Context: User provided 9 deliverables. I organized reports as: 1) CDC landscape, 2) Architecture, 3) Event model, 4) Features, 5) MCP/Security, 6) Implementation. This covers the prompt.

Decision: Followed that order; merged some deliverables (e.g., Build vs Buy included in Architecture; Security and MCP together; Implementation Plan separate).

Rationale: Logical flow from technology choices to design to concrete features to security to execution.

Trade-offs: None; user can reorganize if desired.

Choice: Word Count Targets

Context: Prompt said "~1000 words" per report.

Decision: Aimed for 950–1200 words each to be thorough yet concise. Slightly over on some (1300) where needed (event model).

Rationale: Ensure completeness without fluff; some topics need more space.

Trade-offs: Slightly longer reports but still readable.

Choice: Scrapbook-first Process

Context: Structured Research Mode demands scrapbook entries before reports.

Decision: Created a dedicated scrapbook file for each report's thinking trace, timestamped.

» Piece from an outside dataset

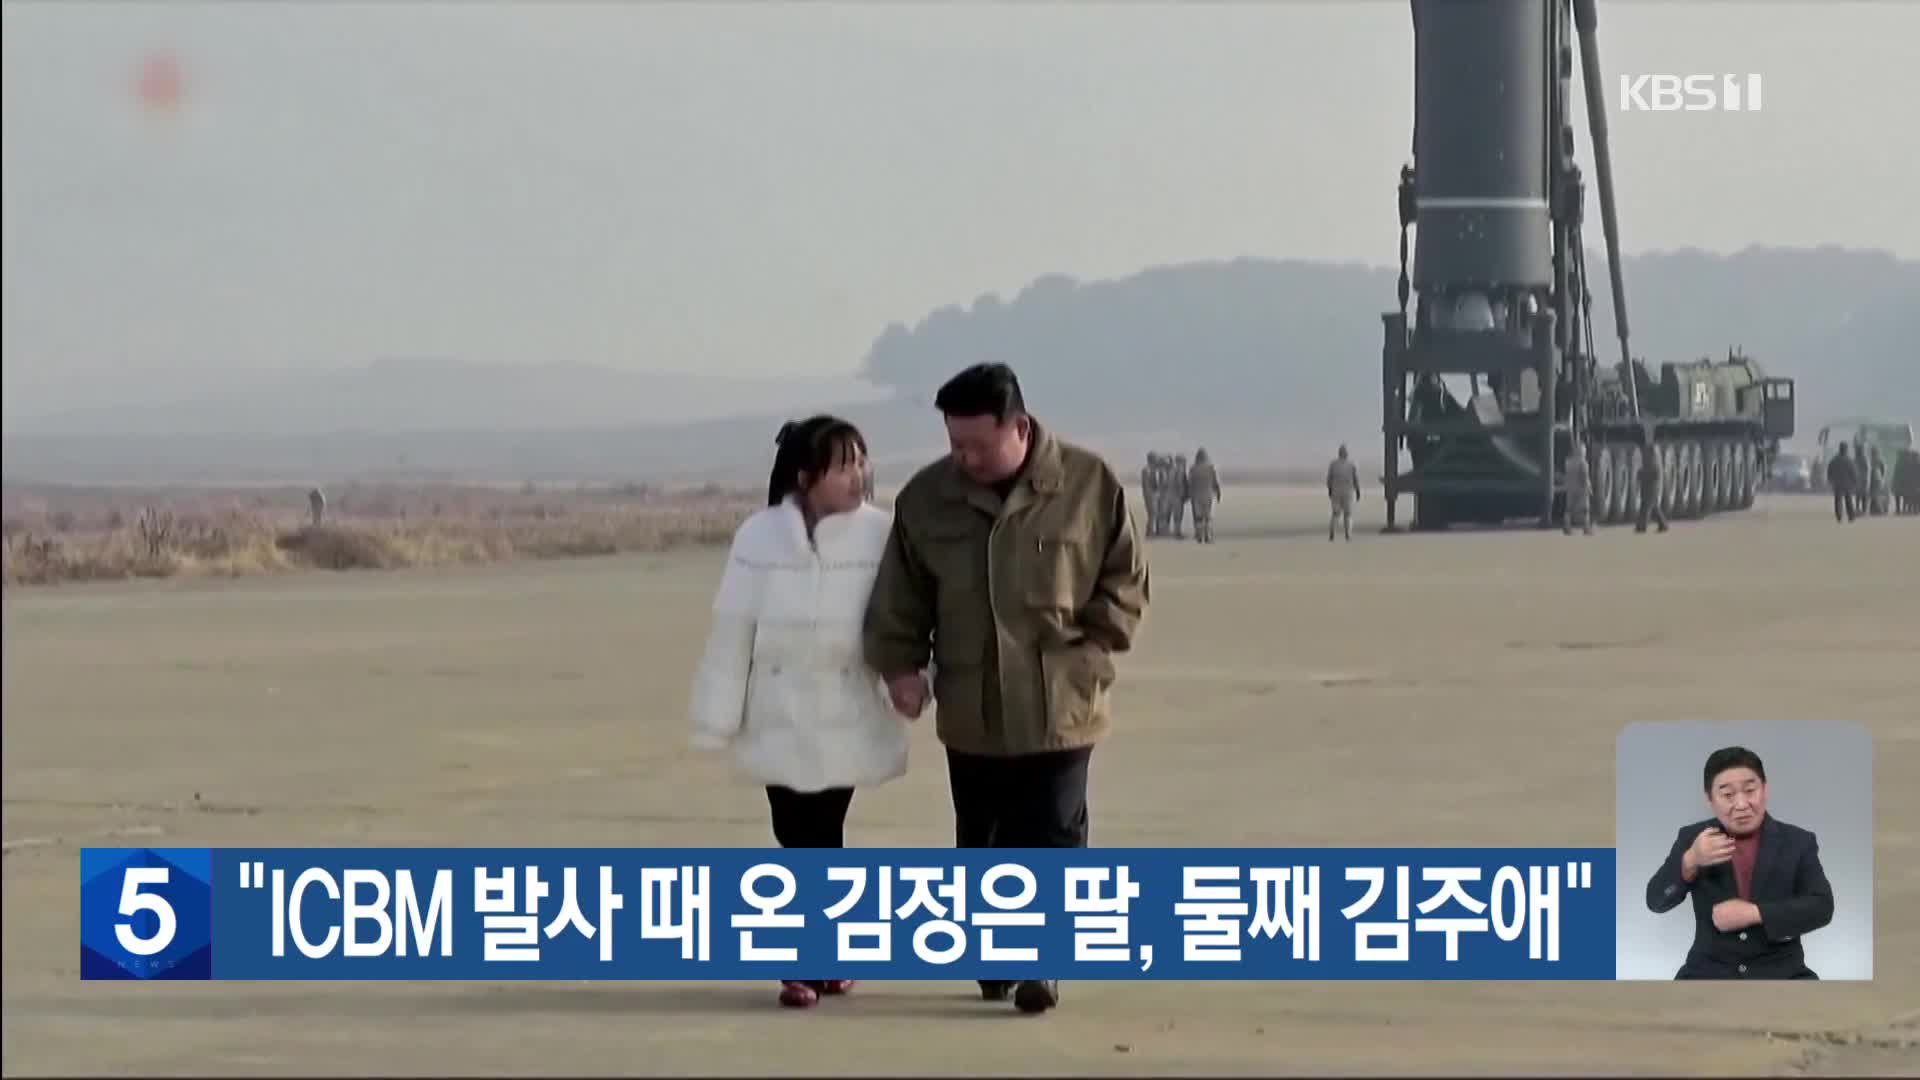 “ICBM 발사 때 온 김정은 딸, 둘째 김주애”

Logged early hypotheses, open questions, and reasoning.

Rationale: Maintains traceability and shows evolution of thought.

Trade-offs: Extra overhead, but valuable for documentation.

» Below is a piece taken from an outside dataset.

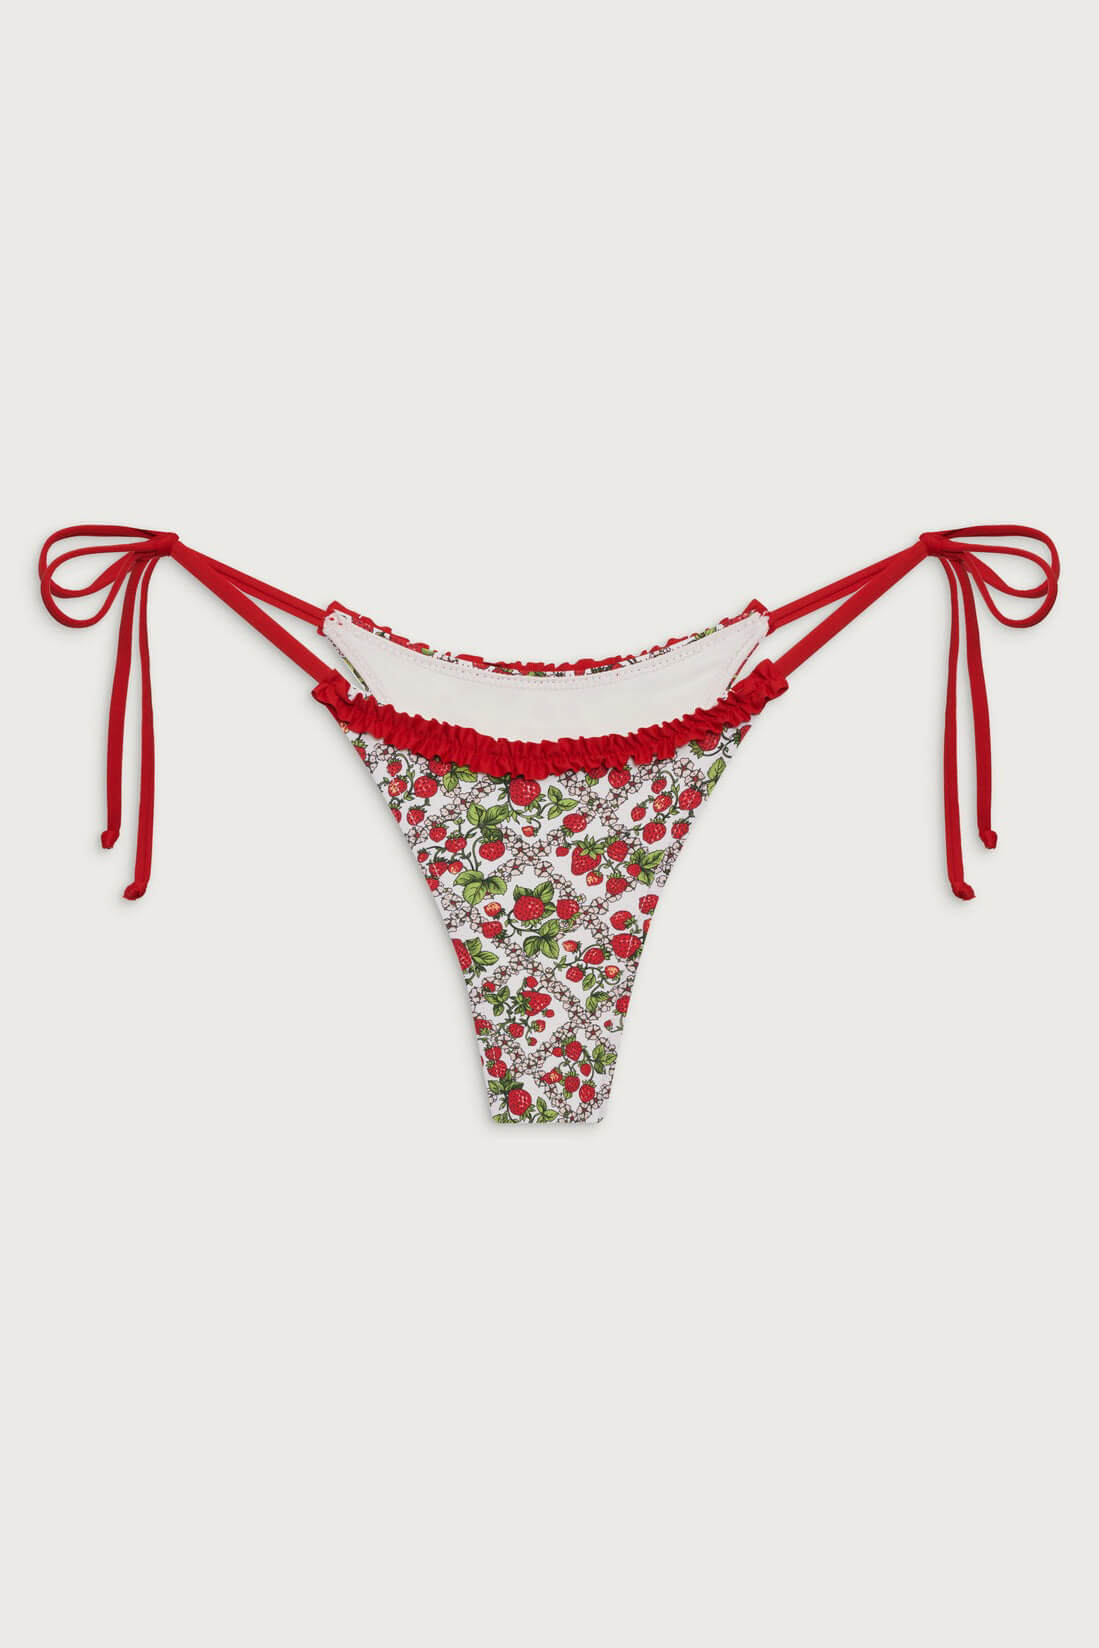 Frankies Bikinis divine bottom in berry in love

Choice: Implementation Backlog Size

Context: 25–40 tasks required.

Decision: Produced 36 tasks across 8 milestones.

Rationale: Enough granularity to be actionable, but not overwhelming. Difficulty mix (S/M/L) reflects realistic effort.

Trade-offs: Could be refined further with engineering team input, but sufficient for MVP planning.

Choice: Synthetic Data Generator Language

Context: Demo domain requires generator. Language not specified.

Decision: Implement in Go (same language as overlay) for consistency and single binary distribution.

Rationale: Keeps tech stack simple; Go has good MySQL driver and fake data libraries.

Trade-offs: Python might be faster to prototype; Go ensures generator is packaged with overlay.

---

This log will continue as research progresses. Choices made autonomously based on project goals and constraints are recorded here for transparency.